Nur Mahmudi bersama mantan Ketua MK Jimly Ashiddiqqie |
Kepala Unit Tindak Pidana Korupsi Polresta Depok, Ajun Komisaris Bambang P, menjelaskan, penetapan tersangka Nur Mahmudi dan Harry Prihanto setelah menerima hasil audit Badan Pemeriksa Keuangan dan Pembangunan (BPKP) Provinsi Jawa barat turun dan terdapat kerugian negara.
Bambang lebih lanjut menjelaskan bahwa terhitung Selasa (28/8/2018) ini, Walikota Depok dua periode (2006-2011 dan 2011-2016) Nur Mahmudi Ismail (profil: https://id.wikipedia.org/wiki/Nur_Mahmudi_) Ismail dan mantan Sekdanya Harry Prihanto resmi tersangka korupsi proyek pengadaan lahan untuk pelebaran jalan Nangka, Kelurahan Sukamaju baru, Kecamatan Tapos, Kota Depok.
Menurut Bambang untuk saat ini baru Nur Mahmudi dan Prihanto yang resmi ditetapkan tersangka korupsi jalan Nangka. “Baru dua orang itu, “ ujarnya menjawab konfirmasi awak media di Mapolresta Depok, Selasa (28/8/2018). .
Bambang belum bersedia membeberkan nilai kerugian negara dalam kasus proyek pengadaan lahan tersebut. Namun Bambang mengaku penetapan terhadap kedua mantan pejabat teras Kota Depok itu dikeluarkan setelah Polresta Depok secara resmi menerima hasil audit dari BPKP Jawa Barat bahwa ada kerugian negara.
“ Itulah dasar Polresta Depok menetapkan Nur Mahmudi dan Prihanto menjadi tersangka korupsi, “ jelasnya.
Kasus ini telah bergulir di Tipikor Polreta Depok sejak Oktober 2017. Dari hasil penyelidikan dan gelar perkara yang dilakukan Januari 2018, serta setelah memeriksa 87 saksi, status penyelidikan naik ke penyidikan.
"Ketika dilakukan ekspos penaikan status, kita belum mengekpos nama tersangka," ujarnya.

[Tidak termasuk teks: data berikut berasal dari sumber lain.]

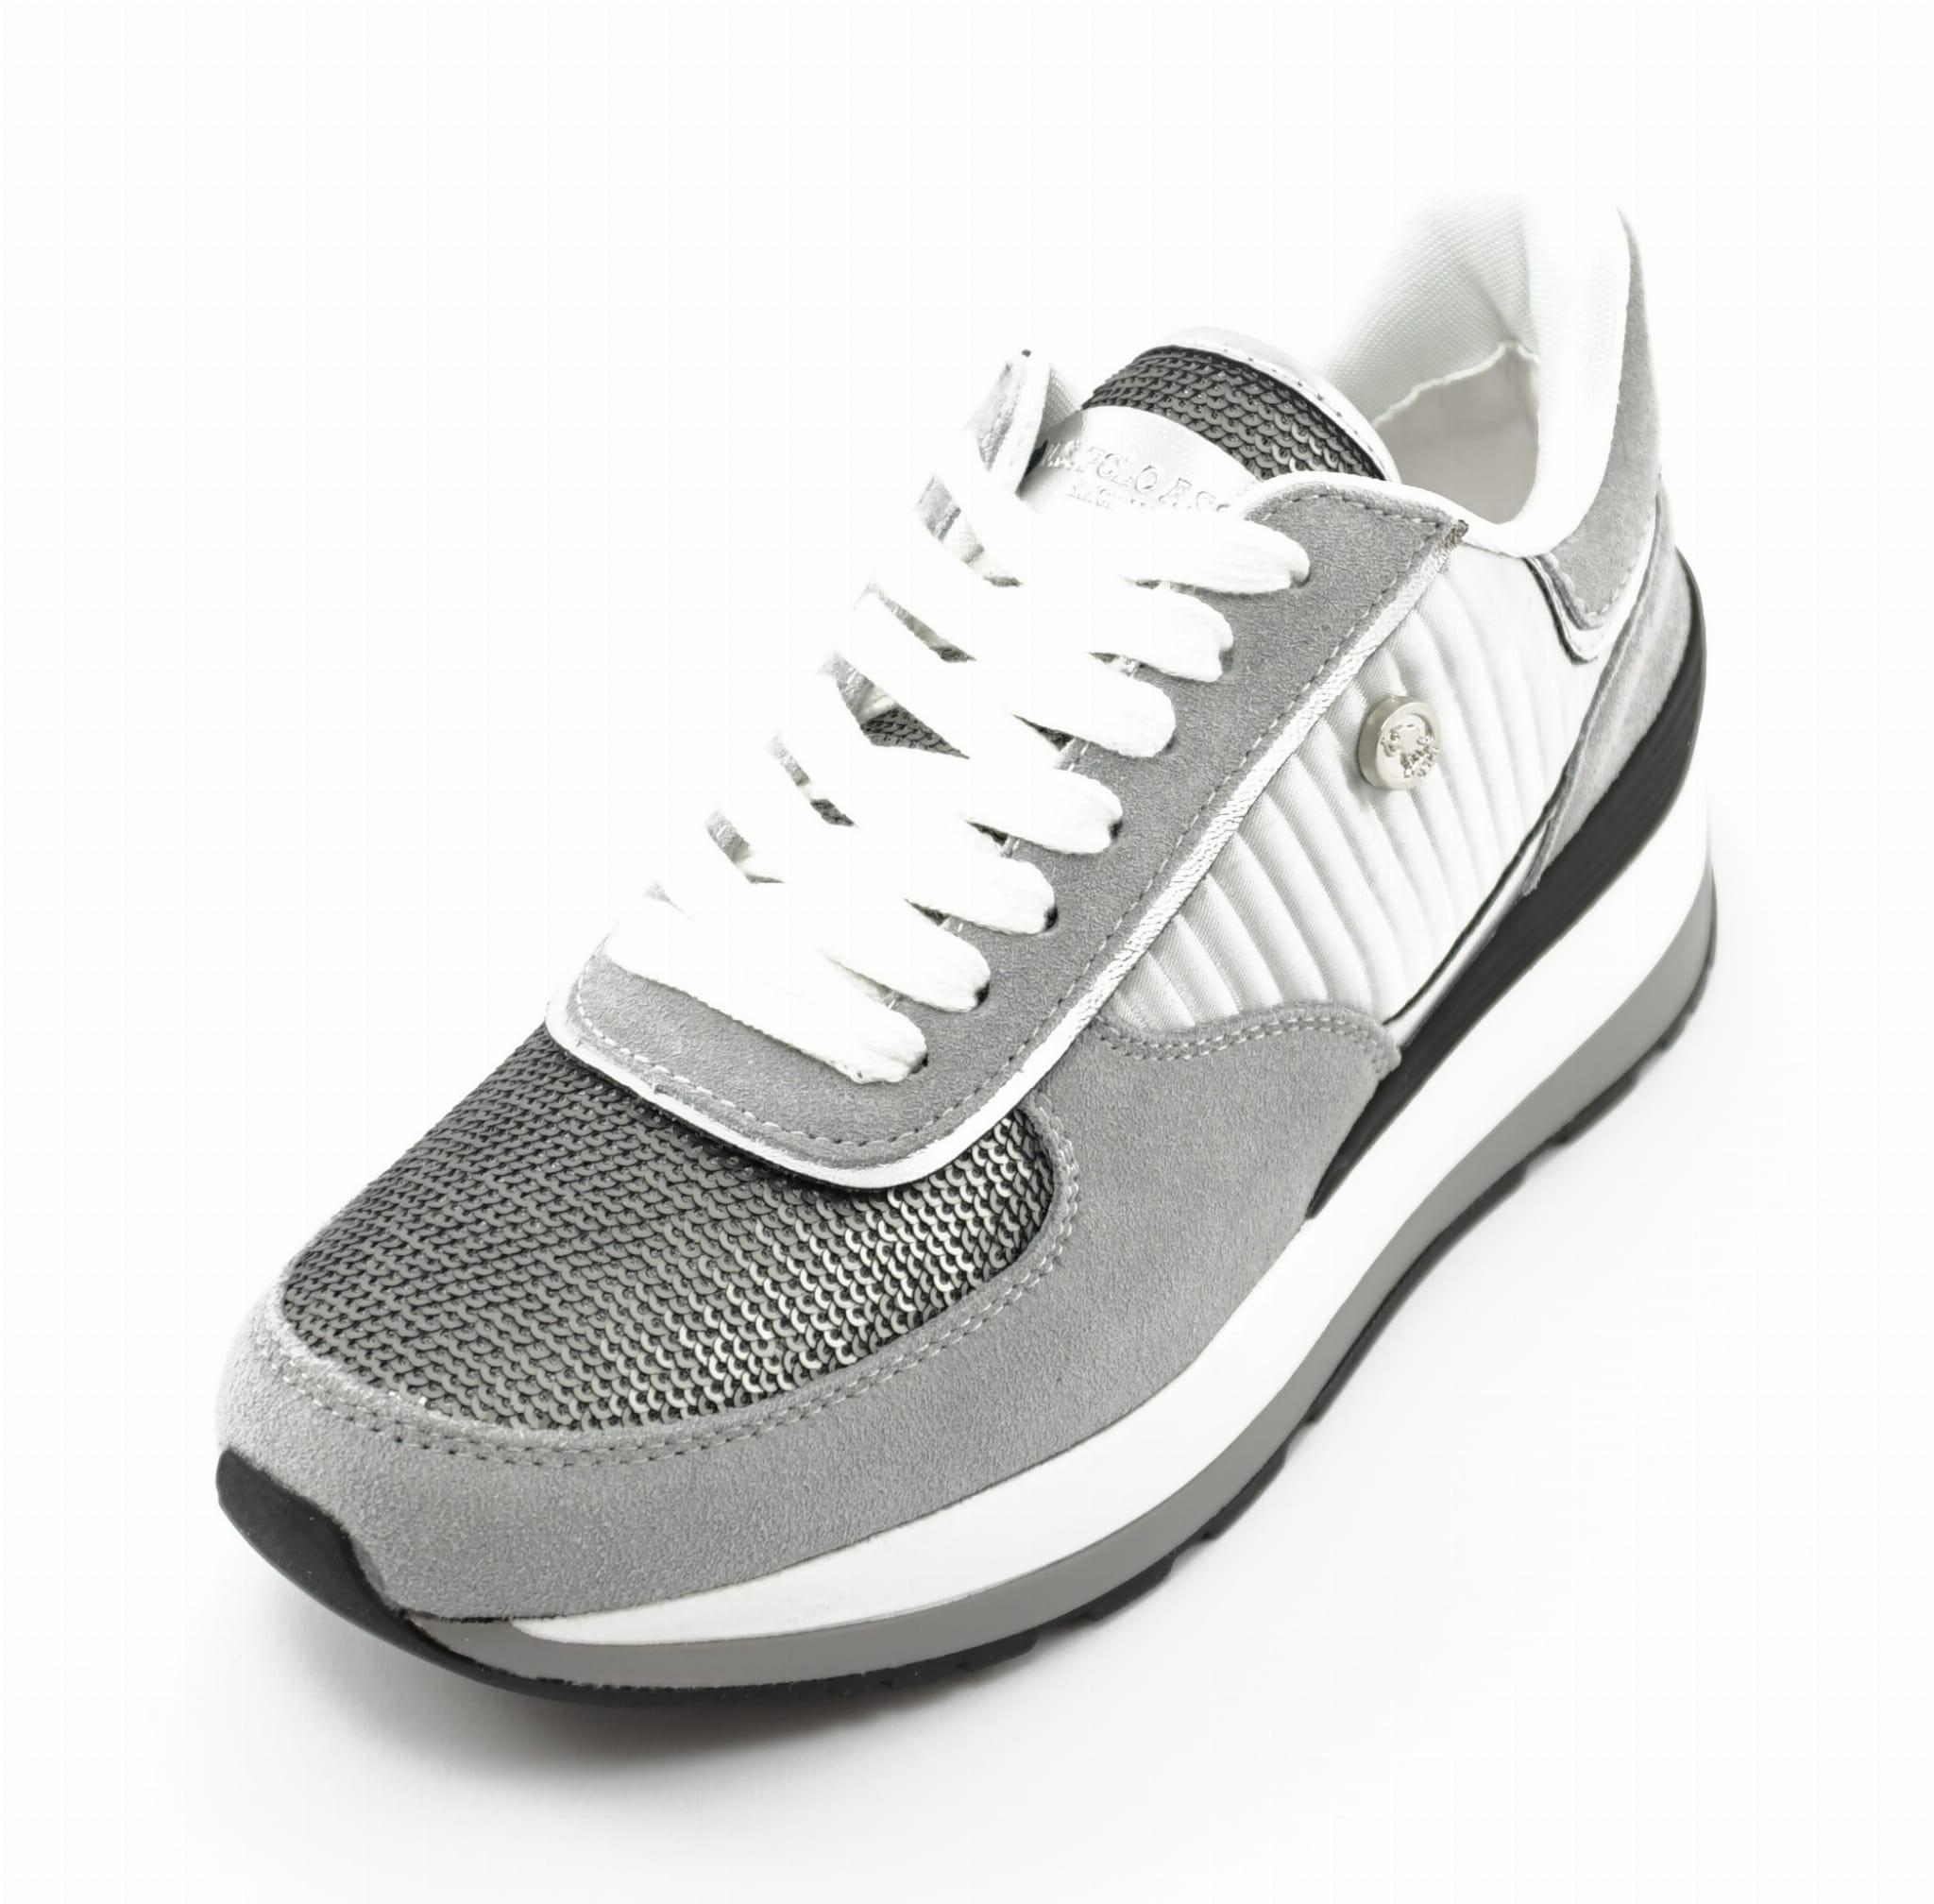 Buty sportowe damskie Sneakersy U S Polo Valery 3 paillettes

Tak dibeberkannya tersangka ke publik, tambah Bambang, karena saat itu penyidik sedang meminta BPKP Jawa Barat untuk melakukan audit dan melayangkan surat pemberitahuan dimulainya penyidikan (SPDP) kepada Kejaksaan Negeri Kota Depok.
“Sekarang hasil audit BPKB sudah turun maka diekspos selanjutnya akan menentukan pemeriksaan tersangka,” jelas Bambang.
Informasi yang diperoleh awak media, Selasa (28/8/2018), menyebutkan, proyek pengadaan lahan untuk pelebaran Jalan Nangka, Kelurahan Sukamaju baru 2015 dengan nilai anggaran dari APBD sebesar Rp17 miliar merupakan proyek fiktif.
Dikatakan proyek fiktif, sebab akses jalan dengan panjang 500 meter lebar 6 meter tersebut sudah dibebaskan oleh pengembang yang sedang membangun apartemen di sana.
“Pengembang apartemen telah mengeluarkan dana pembebasan terhadap 16 pemilik sertifikat dengan nilai sebesar Rp17 miliar," ungkap seorang sumber yang dipercaya .
Dia menyebut kasus korupsi ini akan menyeret sejumlah kalangan DPRD Kota Depok. Sebab, fairnya anggaran proyek pelebaran jalan Nangka tidak lepas dari peran DPRD.
“APBD sebesar Rp17 miliar bisa cair setelah adanya paripurna DPRD 2015," pungkasnya.
Kepala seksi Jalan dan Jembatan Dinas Pekerjaan Umum dan Penataan Ruang (PUPR) Kota Depok, Edwin Kadarusman Sitompul, mengatakan, khusus pengadaan lahan untuk pelebaran jalan Nangka, Nur Mahmudi dan Prihanto menunjuk pihak Dinas PUPR Kota Depok sebagai perantara dan eksekutor pelepasan 16 sertifikat milik 16 warga RT 003 RW 01 Kelurahan Sukamaju baru, Tapos.
“ Kami (PUPR) dijadikan bemper oleh Nur Mahmudi dan Prihanto,“ ucapnya.